Because, it does seem to me to increase the risk to the United States if you have Tommy Franks in Baghdad and helicopter gunships in units. It seems to me the only way we can see this as acceptable ethically is if the Palestinian people get a state. My sense is that the chances of that happening are increased by an Iraqi Operation for two reasons.

One, the Americans can turn to the Israelis and say: "listen, we have removed your chief strategic threat its time for you to do business." We can then turn to the Palestinians and say, "your chief champion is out of here, it is time to settle this conflict."

In conclusion, I support the President on this issue. I don't support him on almost anything else.

Secondly and finally, because my red light is on, supporting the president on this does not mean you think America is the last, best hope of mankind. It doesn't commit you to any set of ideological propositions about this country. This country has done some great things, Mark Danner has shown you some moments where it has done some terrible things.

My proposition to you is that this might be a case, if it's done right, in which American power is allied with freedom for 25 million people.

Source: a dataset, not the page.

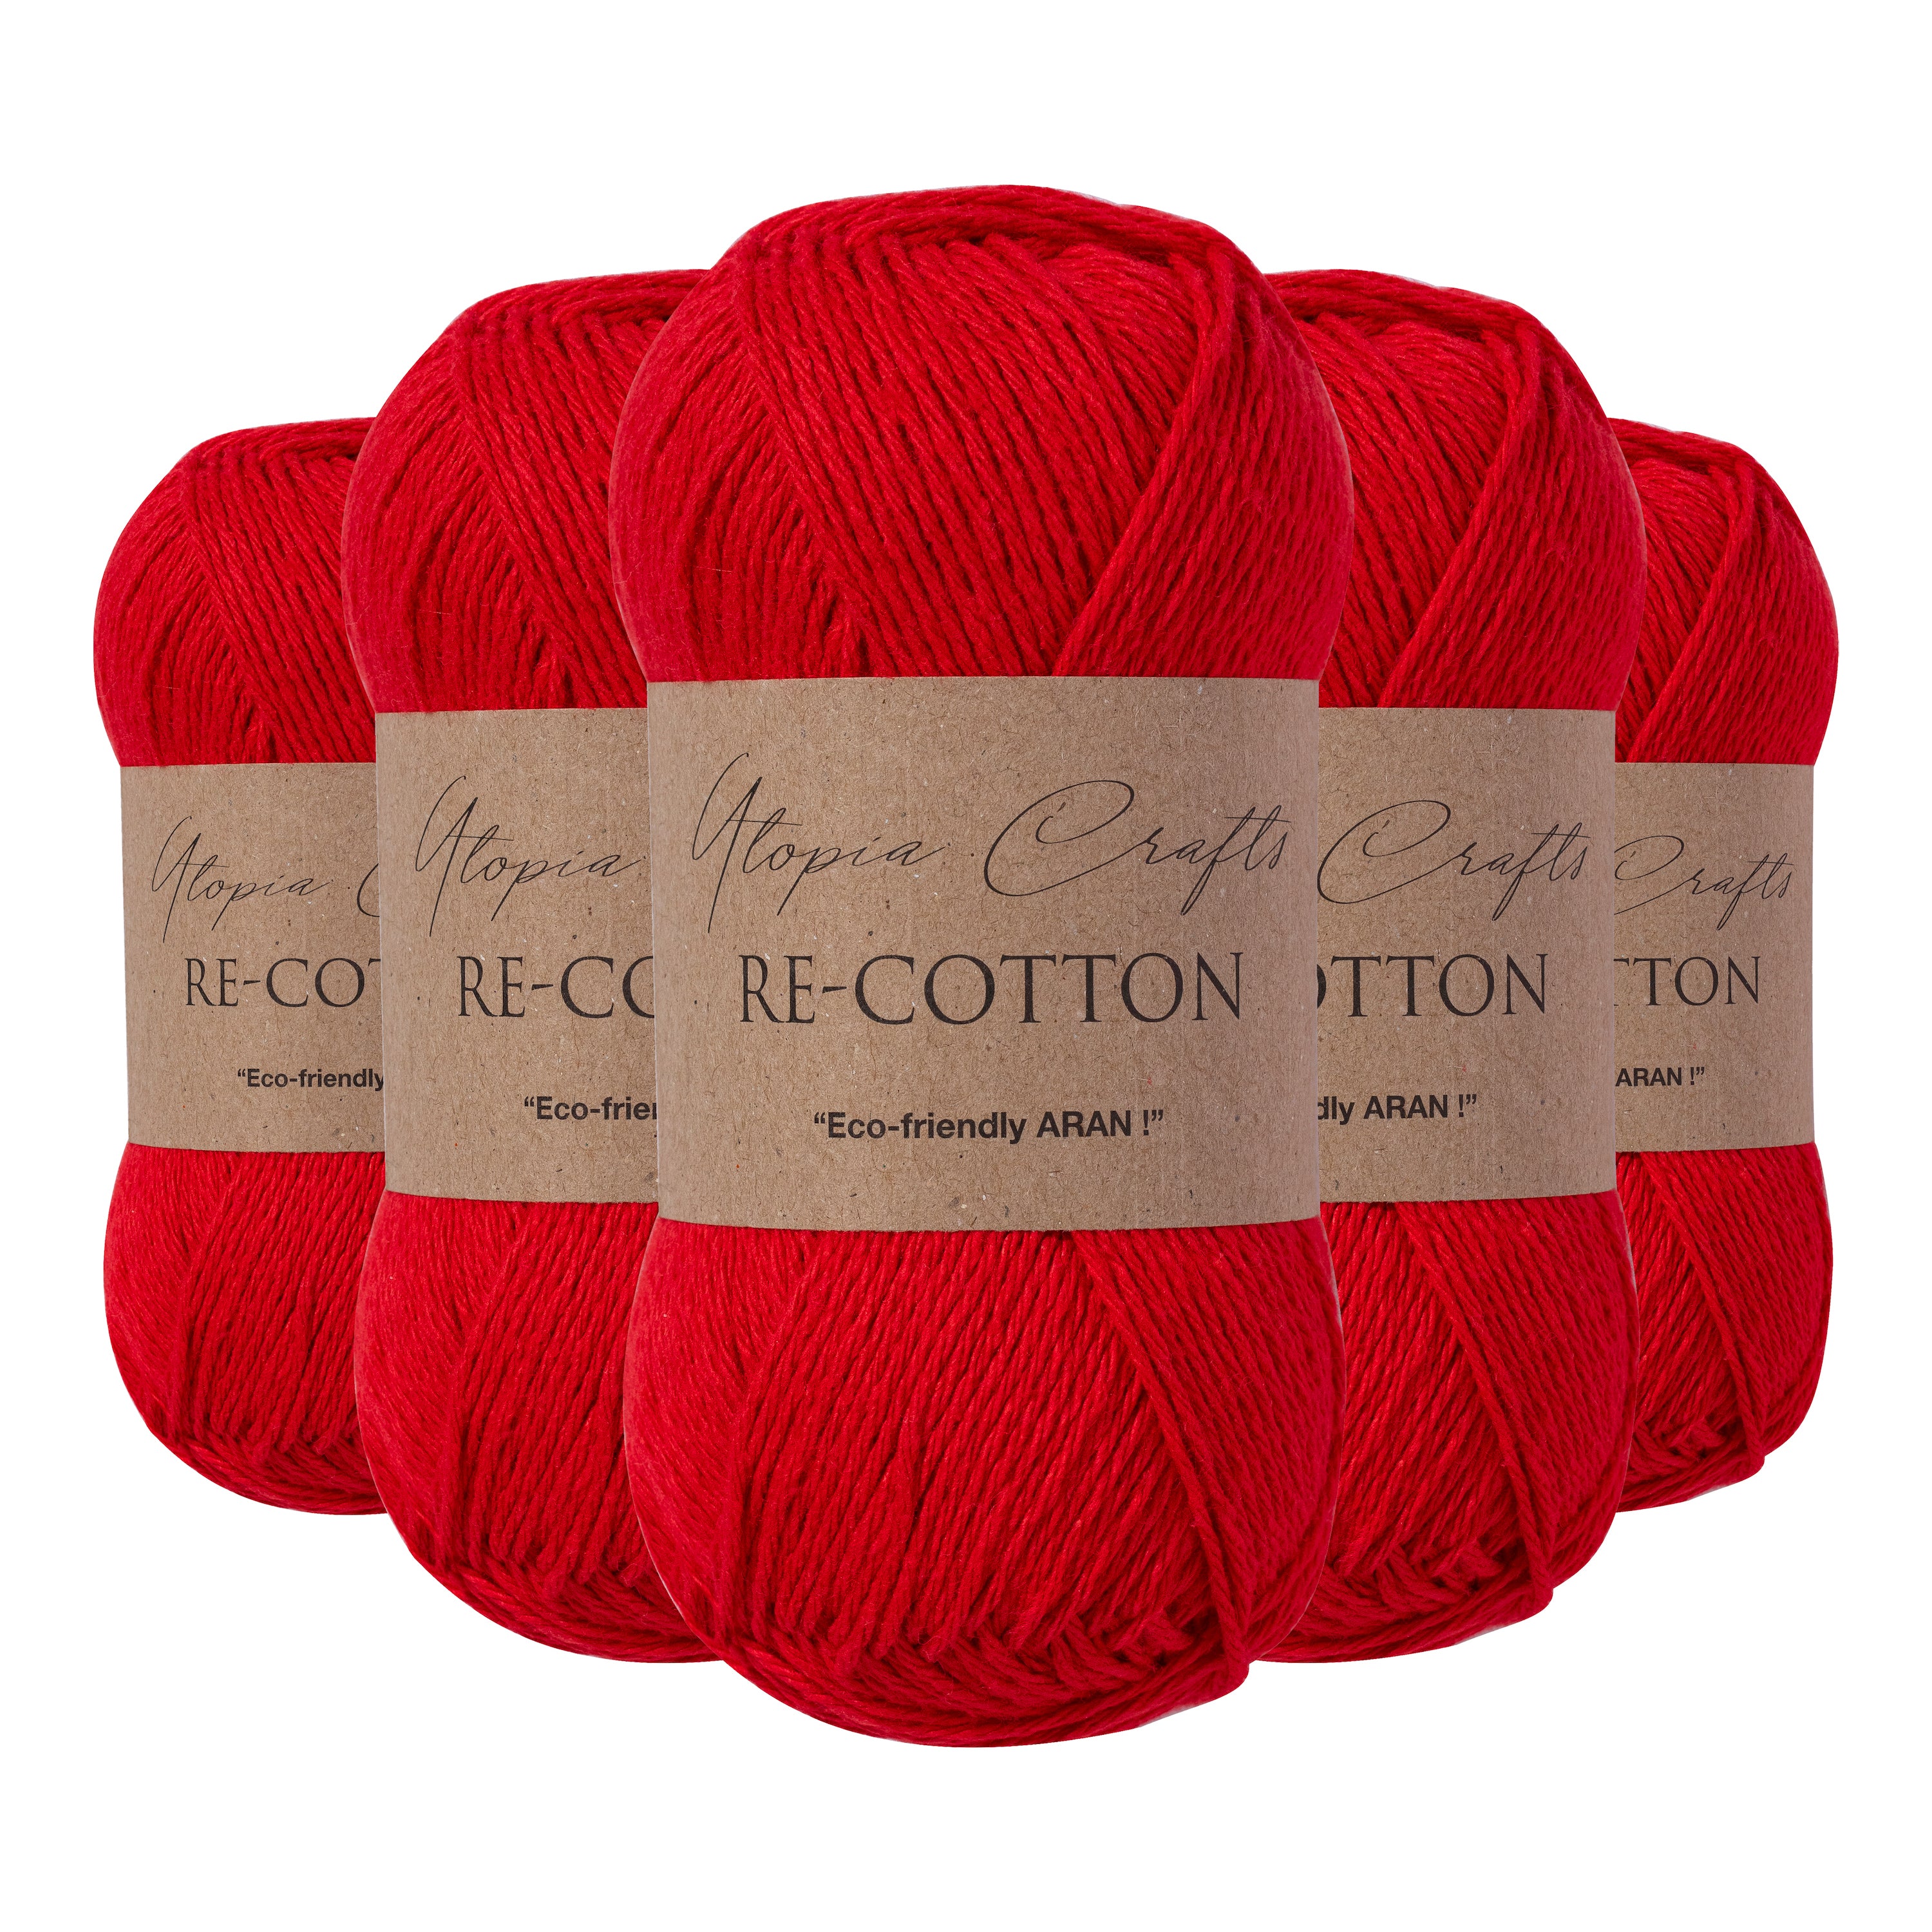 Utopia Crafts Re-Cotton Knitting Yarn, 5x 100g [Scarlet]

Thank you.

-End Transcript-

3 comments:

Anonymous said...

"we have managed to prevent Saddam from committing genocide against the Kurdish people". Right Iggy, and handed over the job to Bush to carry out even more dangerous genocide. I will not be surprised that sectarian conflict is instigated by Americans in Iraq in order to control - divide and conquer.

Iggy loves to theorize and it may sound appealing but it has very little resemblance to reality. We live in a much more dangerous world because of the Iraq invasion and we had another war where Israelis demolished Lebanon. Where is the peace and where is Palestinian state?

In my book Iggy is a dangerous man because of his convictions and he is not in touch with the reality of the world. He will do better as a professor but as a politician and God forbid as a Prime Minister I have very serious doubts and misgivings.

Anonymous said...

It was in the evening news that over 600,000 Iraqis have been killed since war started. Sounds like genocide.

However, I also heard that Iggy is now saying that Israel committed war crimes in Lebanon. May be he will catch on Iraq situation also.

Anonymous said...

Right on!!!! If it wasn't for sanctions, Saddam would have been outed by Iraqis themself, sanctions (shame on the international comm) gave him the power to rule as a dictator, thanks to UK/US.
I read a qote from Iggy as to the acceptances and support to violations of the Geneva Conventions, and indeed of US law. on 'lesser evil'grounds that jusitified by his personal sentiments. (Noam Chomsky 's Failed States) This man scares me more than Harper!